Significance and Value of the Study

  1. Revealing Electrophysiological Characteristics of Glioma Cells
    This study is the first to demonstrate in vivo that glioma cells have the ability to generate action potentials, a finding that challenges the traditional notion that only neurons can generate action potentials, paving the way for new directions in glioma cell research.

  2. Association Between IDH Mutant Gliomas Prognosis and GABA-OPC
    The significant association between high GABA-OPC scores and improved survival rates in IDH mutant glioma patients suggests that the GABA-OPC characteristic may have a protective role in the IDH mutant subtype. This finding provides new markers for molecular typing and prognosis prediction in IDH mutant gliomas.
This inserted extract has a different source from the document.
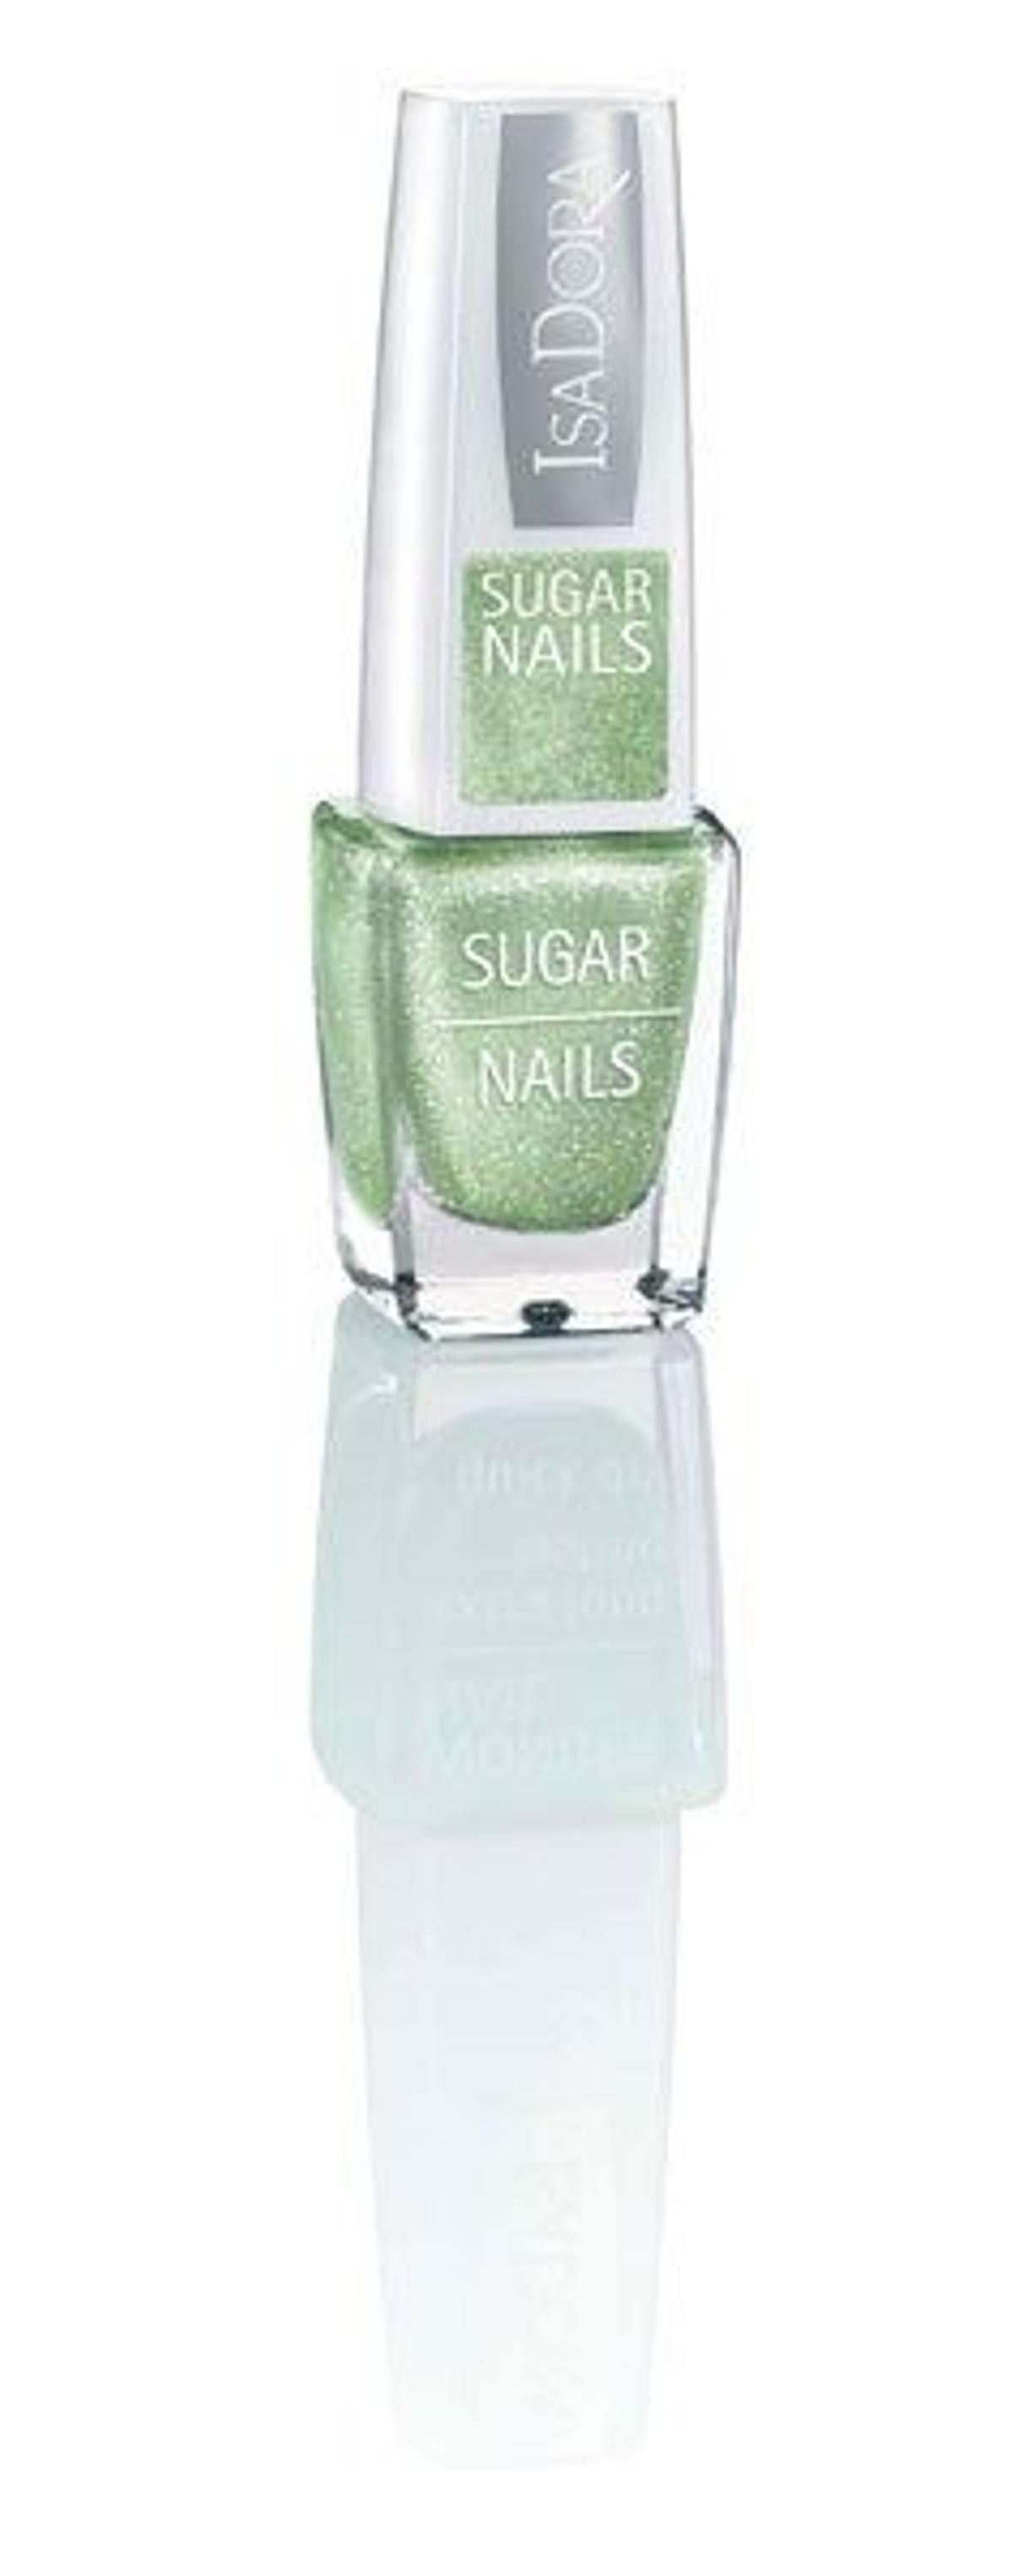 Sugar Nails, de IsaDora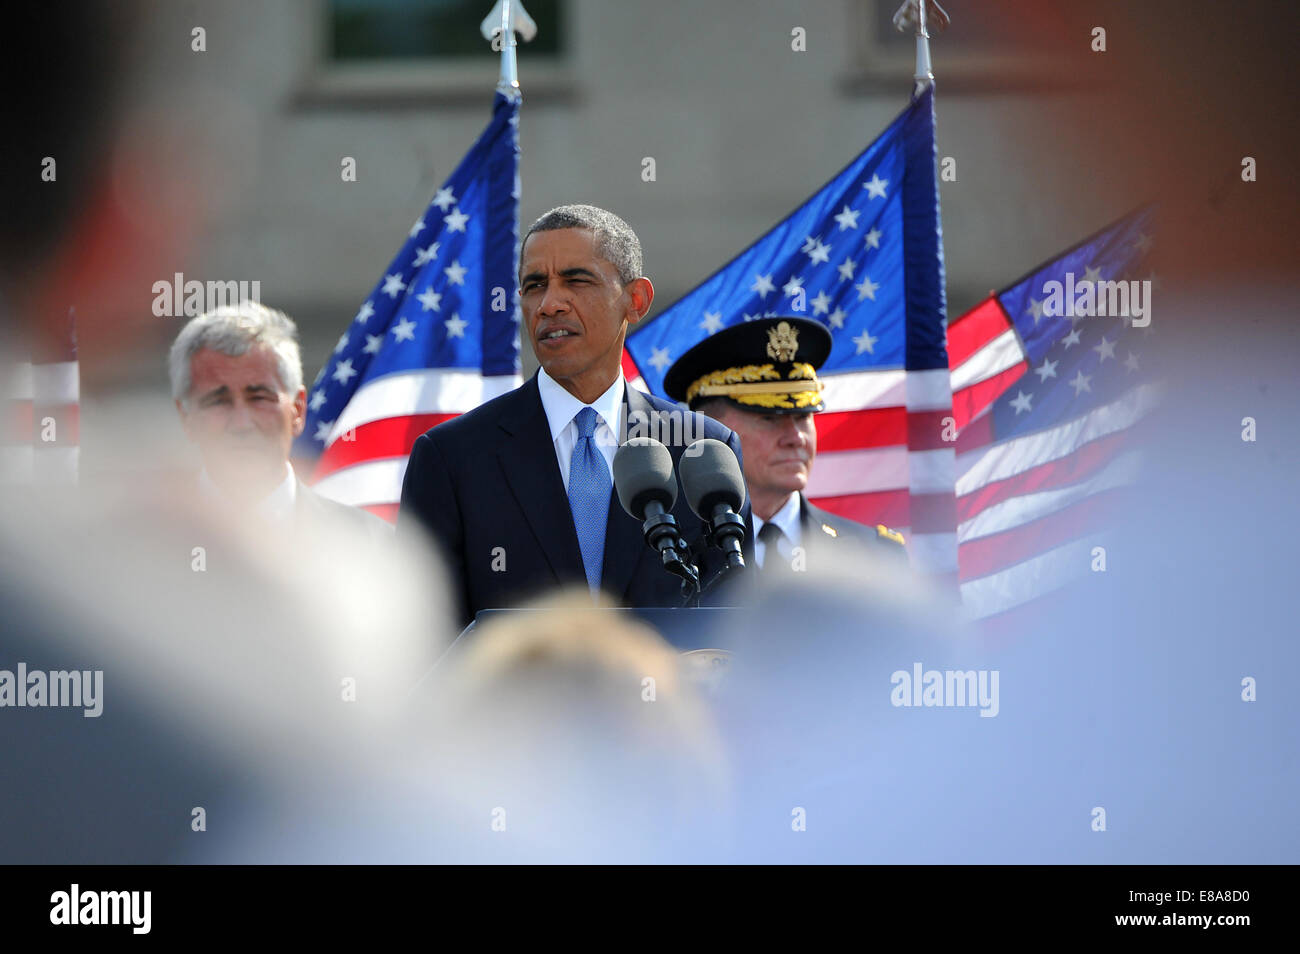 El presidente Barack Obama habla durante la ceremonia conmemorativa del 9/11 al 9/11 Memorial Nacional del Pentágono en el Pentágono en Arlington, Virginia, el 11 de septiembre, 2014. Los terroristas secuestraron cuatro aviones de pasajeros el 11 de septiembre de 2001. Dos de los aviones fueron deliberadamente cra Foto de stock

  3. New Tool for Annotating Electrophysiological Characteristics
    The development of the SCRAM tool offers an accurate method for single-cell annotation, useful for identifying and analyzing specific genomic and transcriptomic features of tumor and non-tumor cells, particularly effective in processing small sample sizes. This tool helps advance the application of single-cell RNA sequencing in complex tumor tissues.

Conclusions and Outlook

The findings of this study provide new perspectives on the complex biological characteristics of glioma cells. The action potential generation of GABA-OPC tumor cells may have a significant impact on the tumor microenvironment. Future research could further explore whether tumor cells form functional connections with surrounding neuronal networks and whether this interaction affects the risk of seizures in patients. Additionally, the existence of action potential-generating GABA-OPCs in non-tumor brain tissue, as discovered in this study, suggests that these cells may have previously undiscovered roles in normal brain function.